Thread: int&, passing of arguments by reference, etc

Hi

Today the instructor was trying to teach us how the following code works. To be truthful I couldn't understand anything.

First thing he changed in the today's program was that he made declared the user defined function within the int main though in the past he told us to declare it before entering int main. Please have a look on CODE 2 which you would understand what I'm saying. I don't understand the reason for this.

1: I copied the following CODE 1 onto my flash drive. You can see that the declaration for the user defined function has been made inside the int main. What's the reason for this change?

2: What kind of data type is this "int&"?

3: Could you please tell me in simple words what that passing of arguments by reference means? What's the advantage of this practice.

Please keep your replies as simple as possible.

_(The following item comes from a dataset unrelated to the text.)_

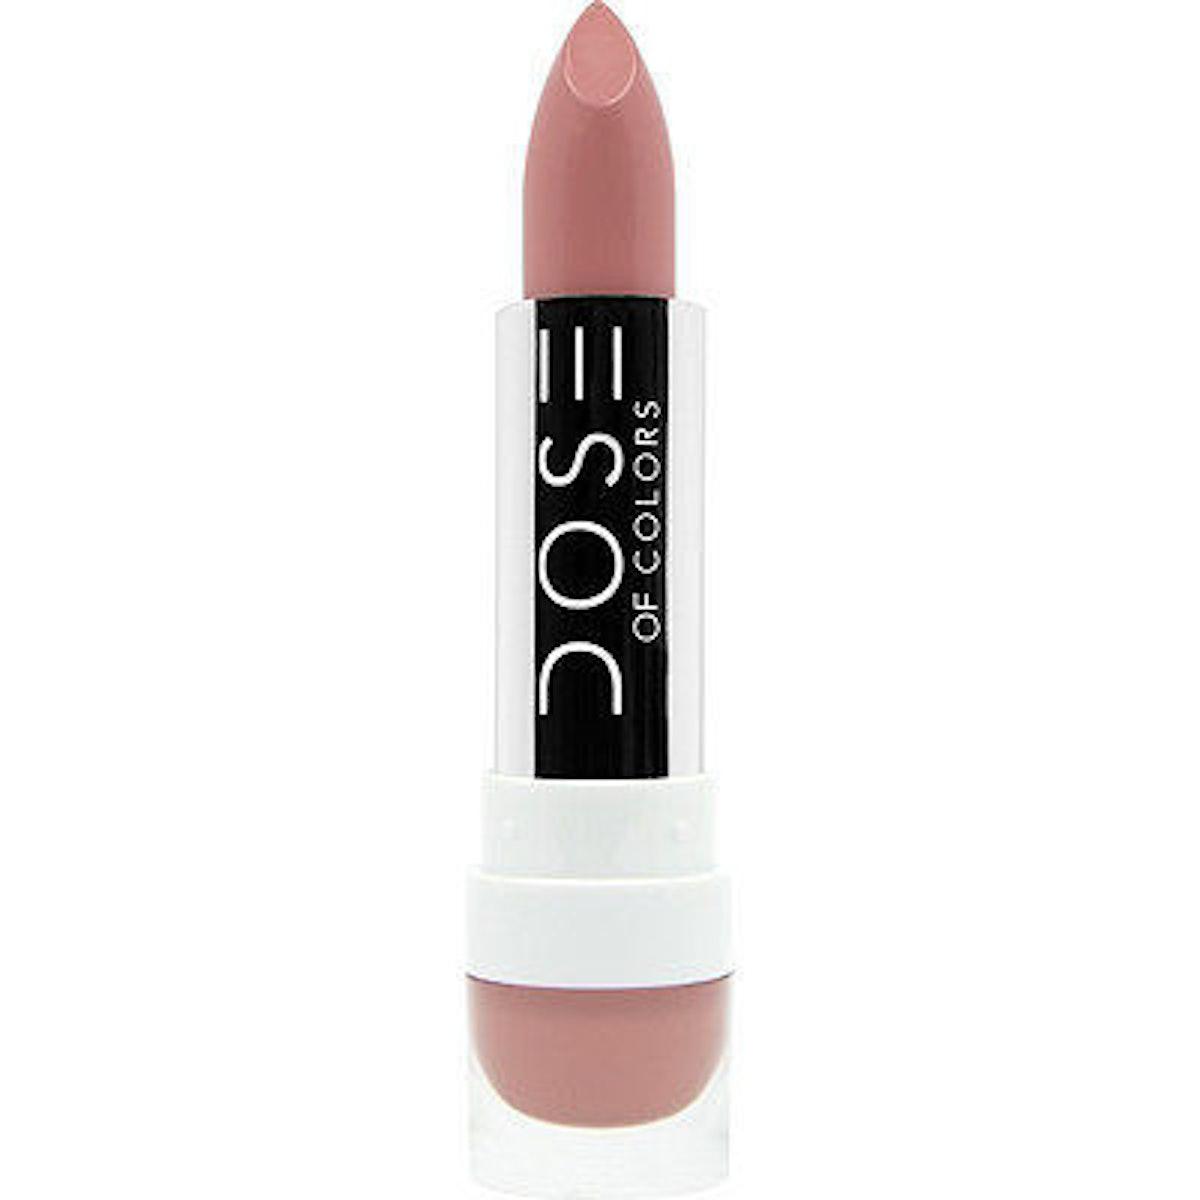 Dose of Colors Creamy Lipstick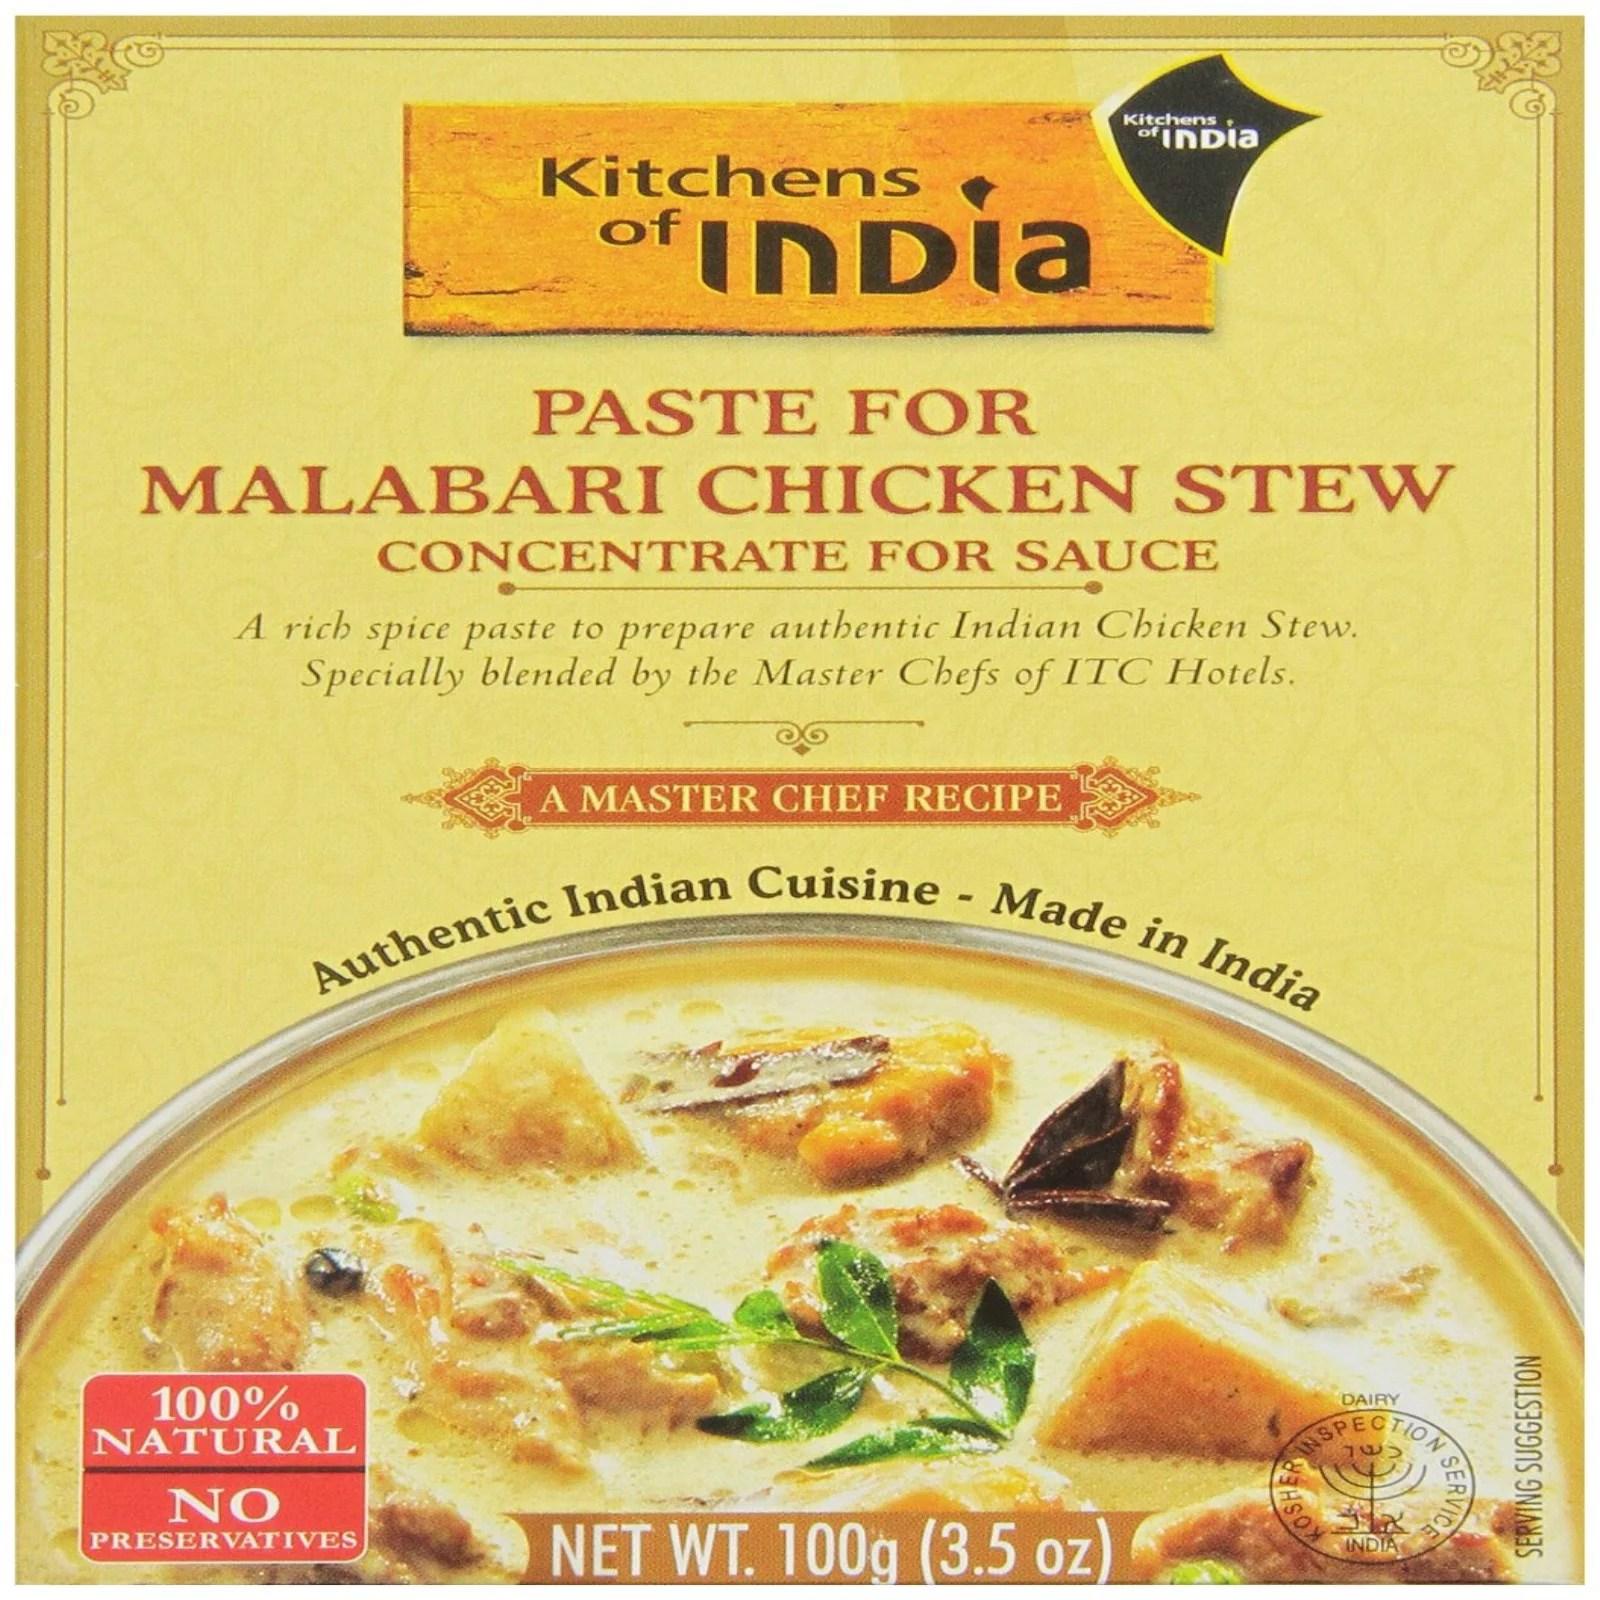 kitchens of india ikea kitchen plates paste for malabari chicken stew 3 5 oz pack 6 walmart com

Thank you very much.

CODE 1:

Code:

// orders two arguments passed by reference
#include <iostream>
using namespace std;

int main()
   {
   void order(int&, int&);          //prototype

   int n1=99, n2=11;                //this pair not ordered
   int n3=22, n4=88;                //this pair ordered

   order(n1, n2);                   //order each pair of numbers
   order(n3, n4);

   cout << "n1=" << n1 << endl;     //print out all numbers
   cout << "n2=" << n2 << endl;
   cout << "n3=" << n3 << endl;
   cout << "n4=" << n4 << endl;
   return 0;
   }
//--------------------------------------------------------------
void order(int& numb1, int& numb2)  //orders two numbers
   {
   if(numb1 > numb2)                //if 1st larger than 2nd,
      {
      int temp = numb1;             //swap them
      numb1 = numb2;
      numb2 = temp;
      }
   }

CODE 2:

Code:

// calculating area of a circle using user-defined function

#include <iostream>
#include <cstdlib>

using namespace std;

float area(float dummy);

int main()

{
    float r; float a;

	cout << "enter radius: "; cin >> r;

	a = area(r);

	cout << a;

	system("pause");

	return 0;
}

//------------------------------------
// area(int), function definition

        float area(float dummy)

		{
			float Area;

			Area = 3.1416*(dummy*dummy);

			return Area;

		}
//--------------------------------------

Originally Posted by manasij7479

If you don't...say.....you pass an integer by reference and the function changes the value of the integer..but does not return it...When the called function exits; the value of the original variable you passed..reflects the changes to the variable you worked with...inside the function.

Thank you.

I don't know anything about the pointers. Okay. So, the int main passes the value of a variable by reference (perhaps, by sending the information where it is stored in the memory) to a called function. The called function acts on those variables passed to it through reference (i.e. by sending their memory addresses) by the int main. The called function can affect the values (i.e. numerical values etc) without really changing the memory addresses so that the variables are still accessed by the int main but perhaps it (int main) will see new values for the variables.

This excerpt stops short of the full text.